A historian and founder of the Institute for Political Studies and Research in Iran, Abdollah Shahbazi, shared in an essay, “Showing fake warrants, [intelligence agents] stopped [Majid Sharif] as a drug suspect. They pushed him into a taxi and drove to a parking lot in Tehran’s Yousef Abad neighborhood. There, they injected potash under his big toe’s nail.”

One of the prime defenders in the Chain Murders case, Mehrdad Alikhani, testified, “We had changed the taxi’s plate number.”

In addition to Alikhani, five others participated in the operation; one was driving, and two followed the taxi in another car. Majid’s body was taken to the vicinity of his house and thrown on the sidewalk. The medical examiner’s department determined the cause of death as cardiac arrest.

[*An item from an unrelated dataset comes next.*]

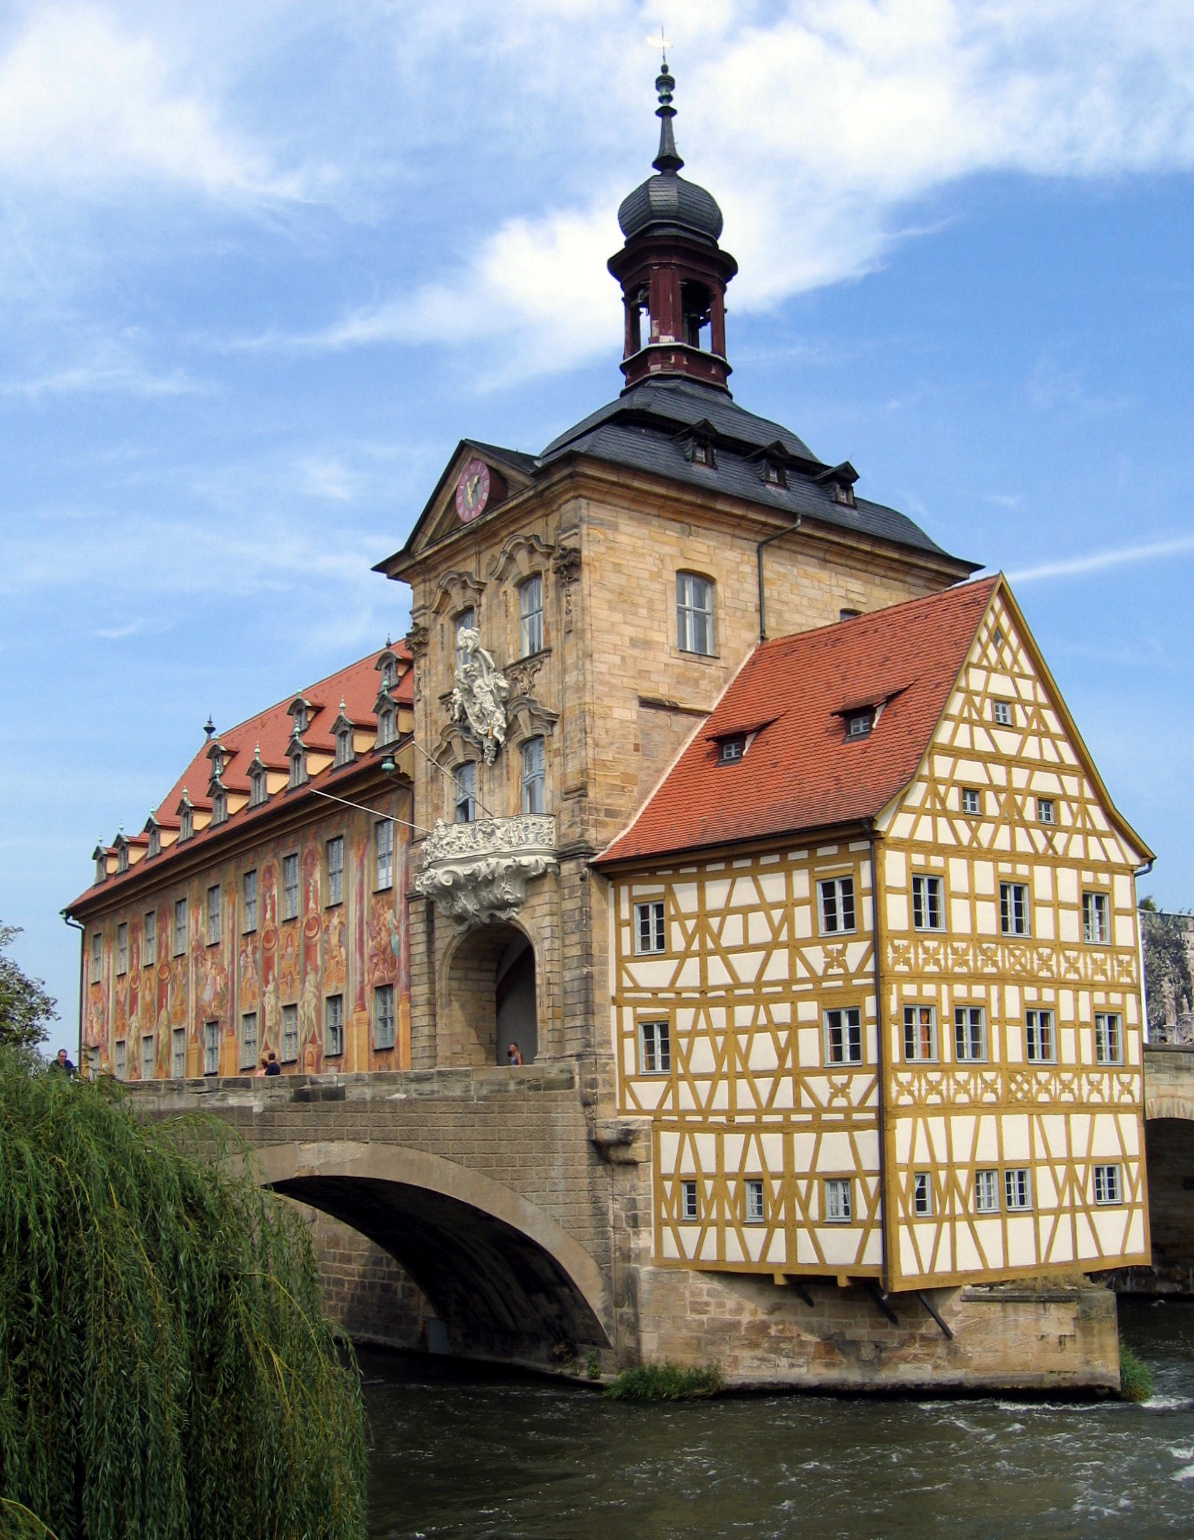 "Bamberg-Rathaus1-Asio" by Asio otus - Own work. Licensed under CC BY-SA 3.0 via Wikimedia Commons - https://commons.wikimedia.org/wiki/File:Bamberg-Rathaus1-Asio.JPG#/media/File:Bamberg-Rathaus1-Asio.JPG

“What I think is very, very important, and I highlight it every year is the justice movement,” Mahshid said, adding, “If at the first years after the political Chain Murders only the victims’ families and a thin layer of the society sought justice, today far more people are demanding justice, and that makes us all incredibly happy. The fact that the popular justice-seeking movement has been able to maintain its independence over the years and bring other free hearts and consciences together is heartwarming.”

Books written or translated by Majid Sharif include “Rebirth of True Islam,” “Islam Minus Democracy,” “Cultural Alienation”, Roger Garoudi’s “History of an Apostasy, Founding Myths of Israeli Politics,” “Prophet” by Gibran Khalil Gibran, “Challenges and Power” by Pierre Ensar, “The History of an Apostasy,” and “The Necessity of Revising of Political Campaign and Presenting Democratic Entities.”